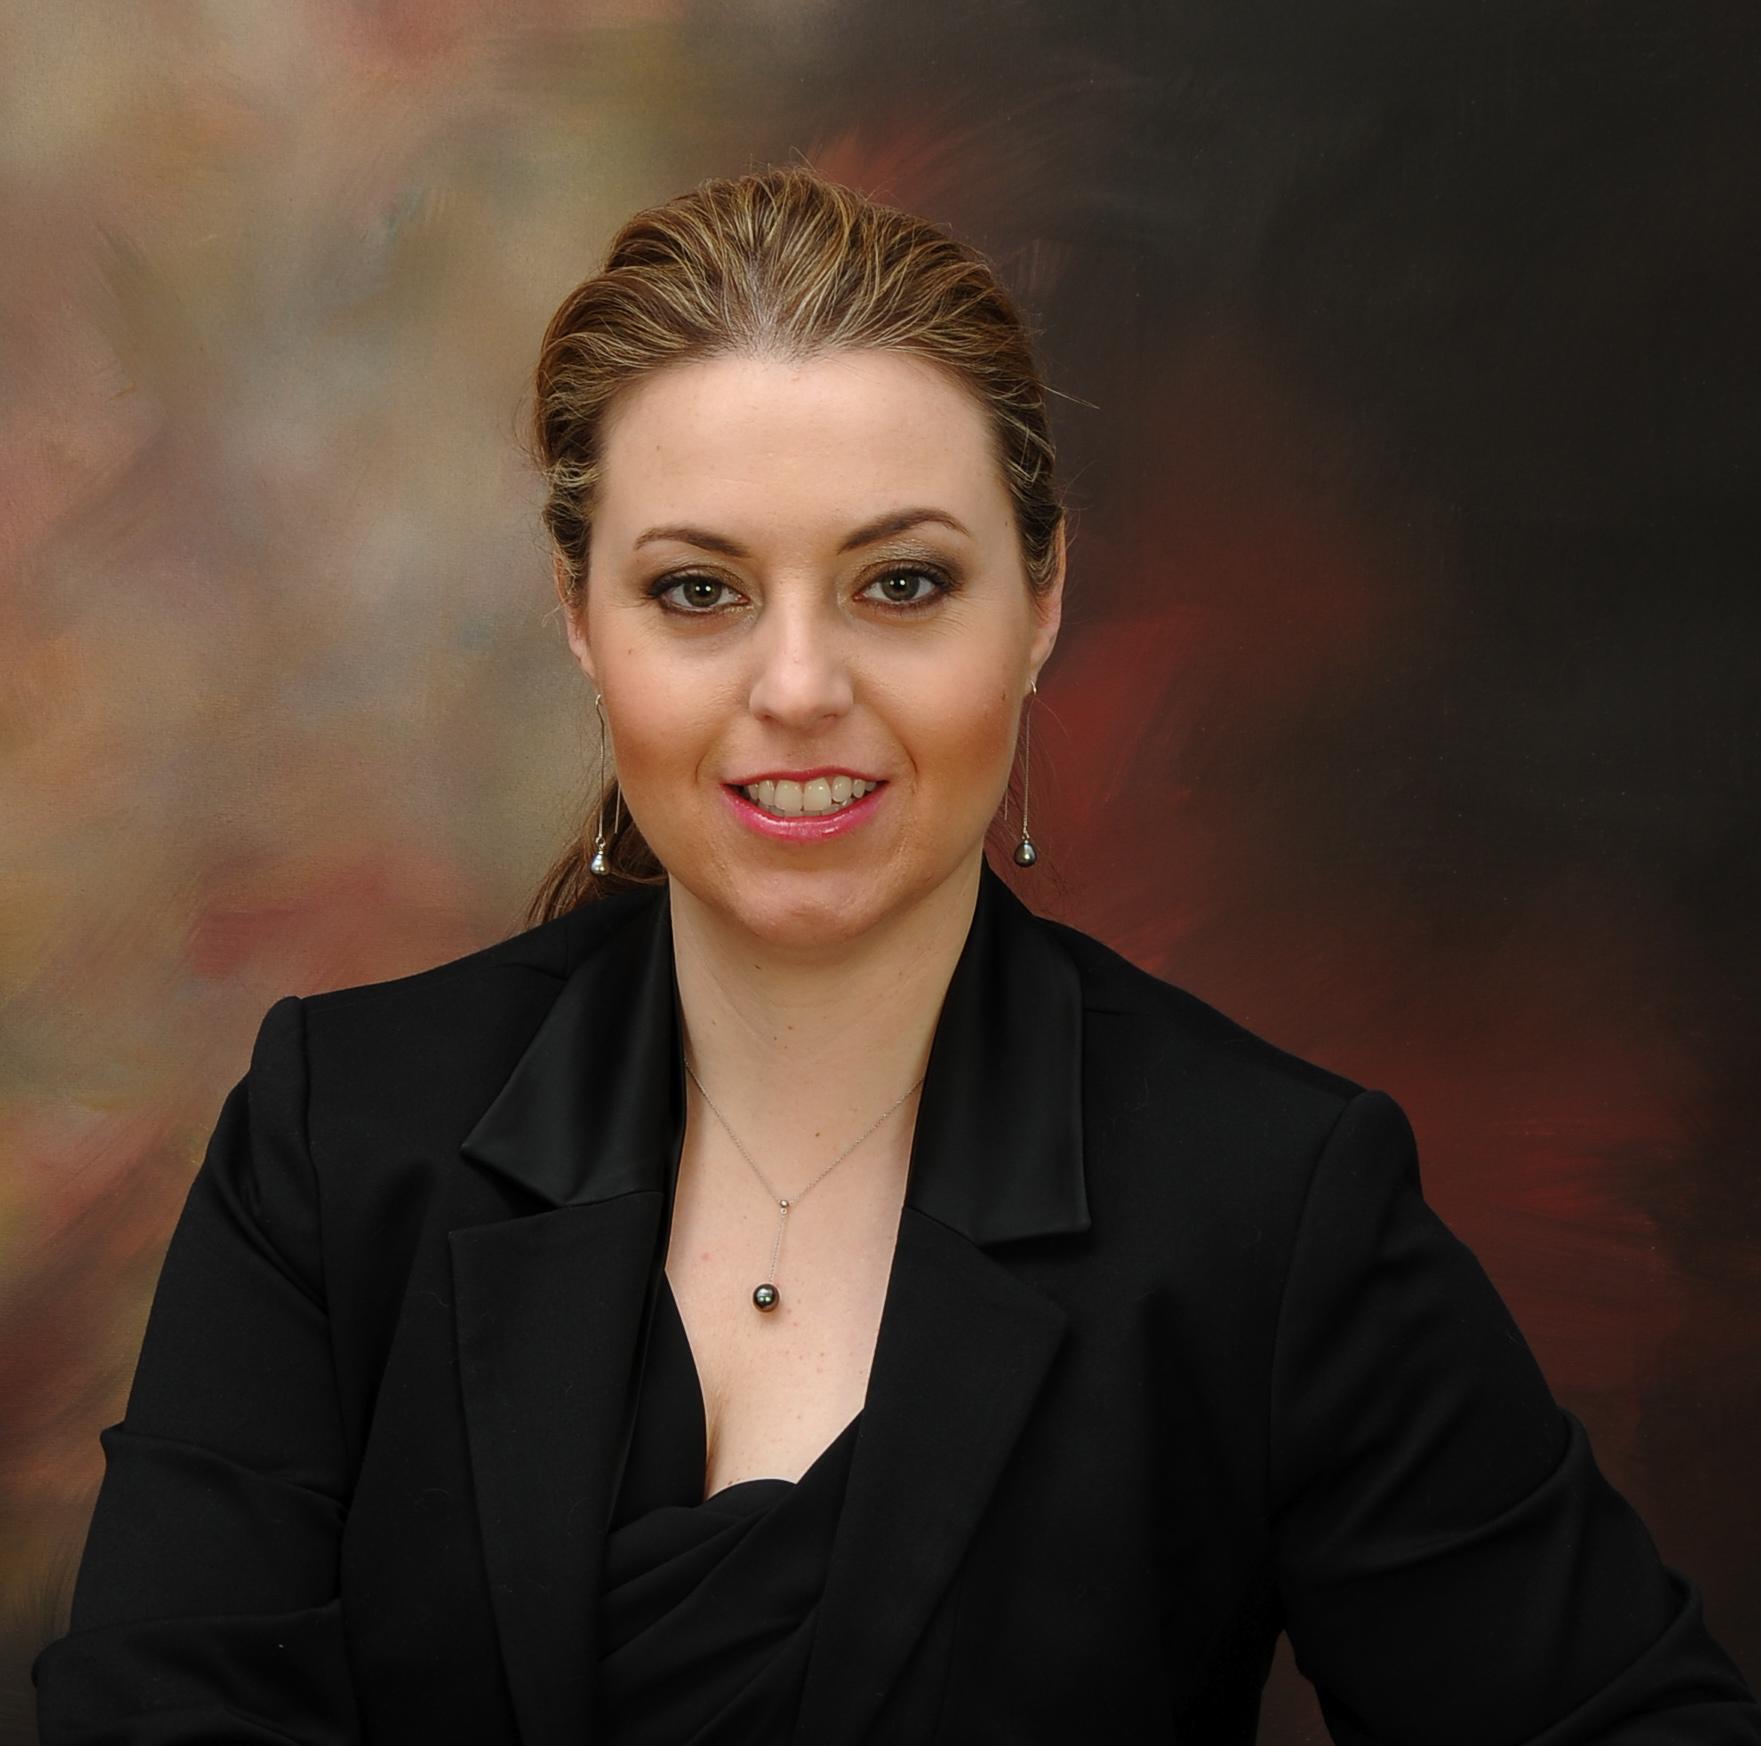 Claudia R. Williamson, Ph.D.
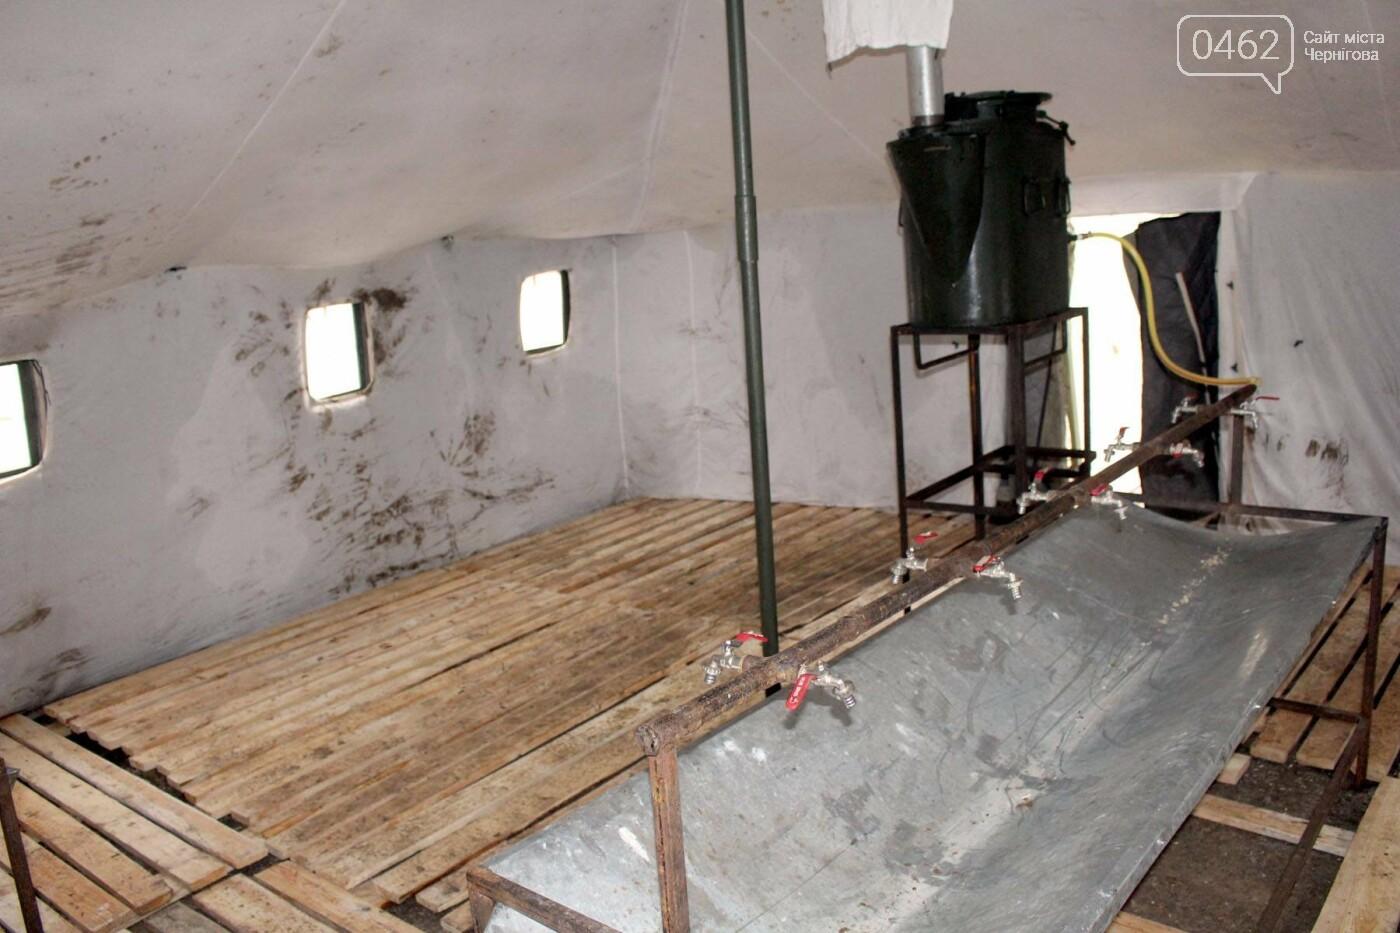 Полигон в Черниговской области, который ранее раскритиковали за ужасные условия, привели в порядок, фото-1
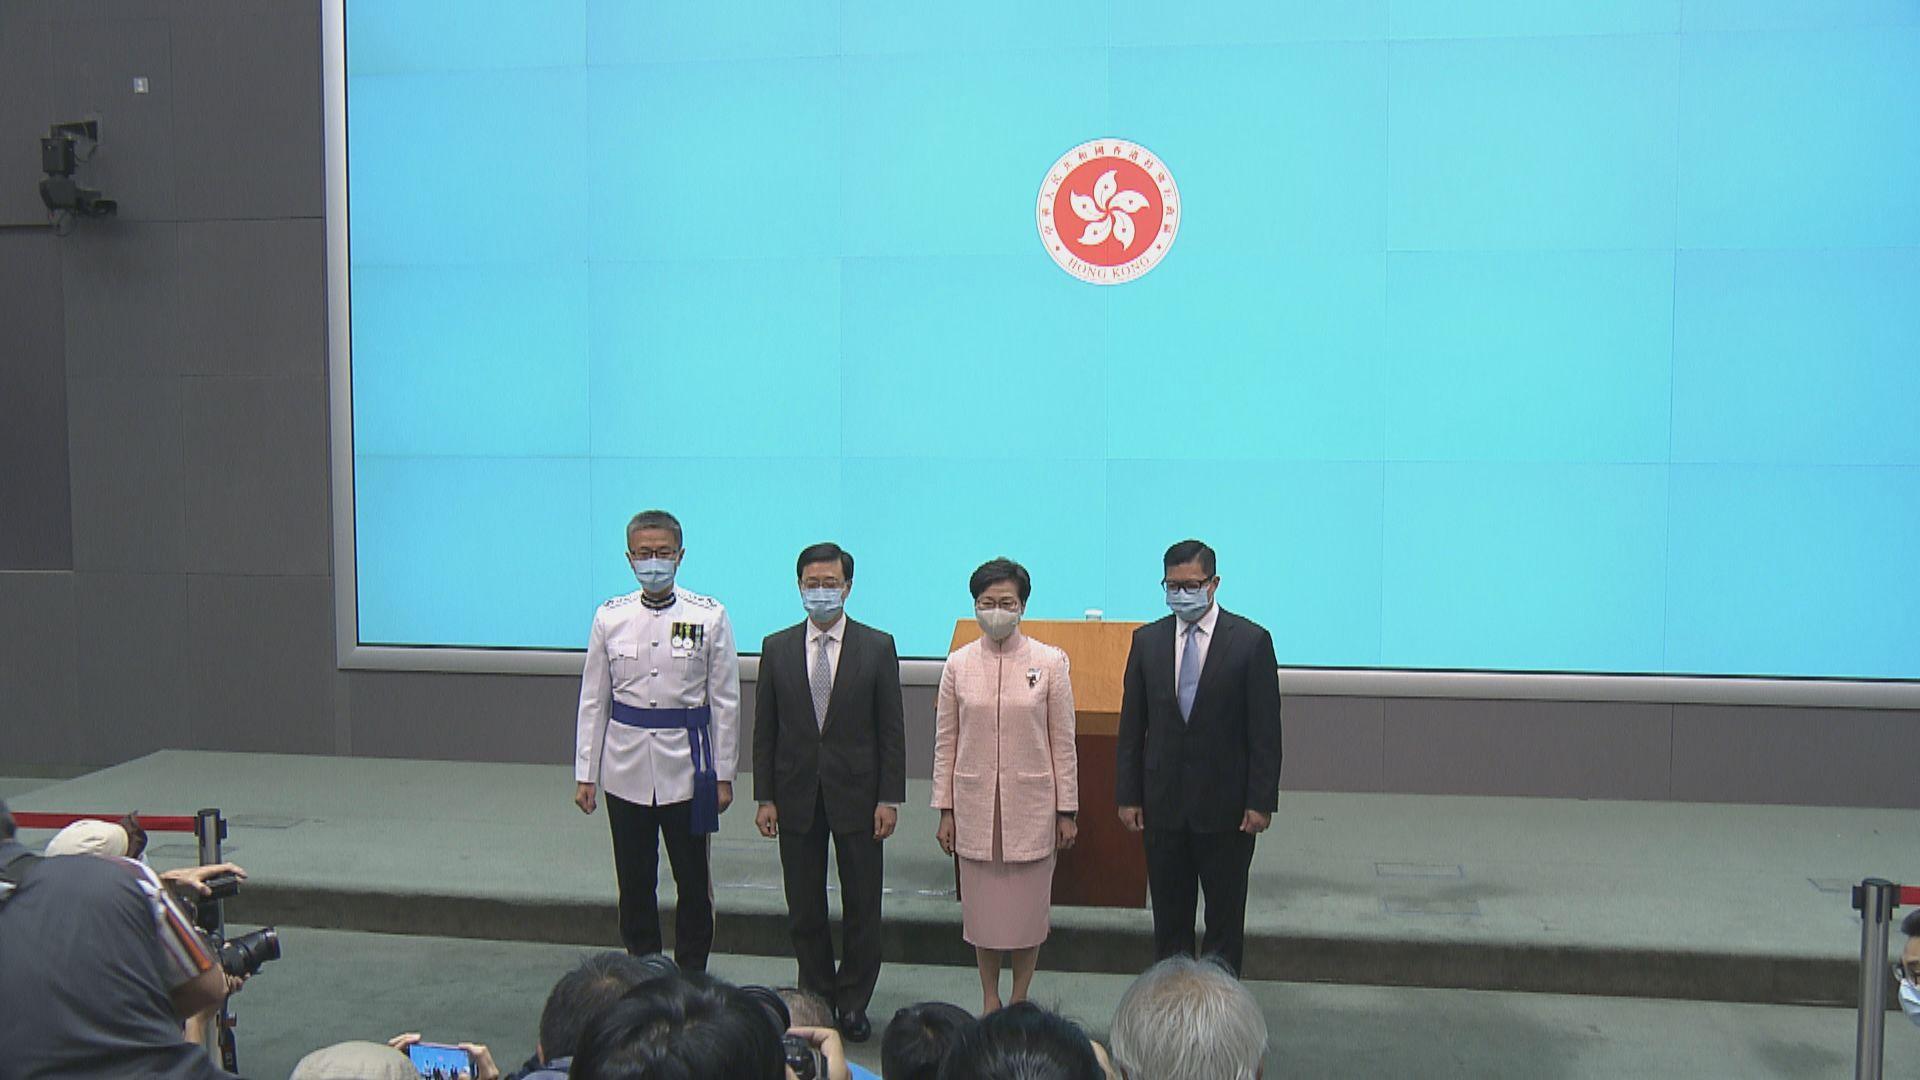 林鄭:香港由亂轉治 相信三人能為國家及香港作更大貢獻

Work instructions | Output all of the data exactly as it stands, minus any images.

Task solution |
 Claudia R. Williamson, Ph.D.
 Полигон в Черниговской области, который ранее раскритиковали за ужасные условия, привели в порядок, фото-1
 林鄭:香港由亂轉治 相信三人能為國家及香港作更大貢獻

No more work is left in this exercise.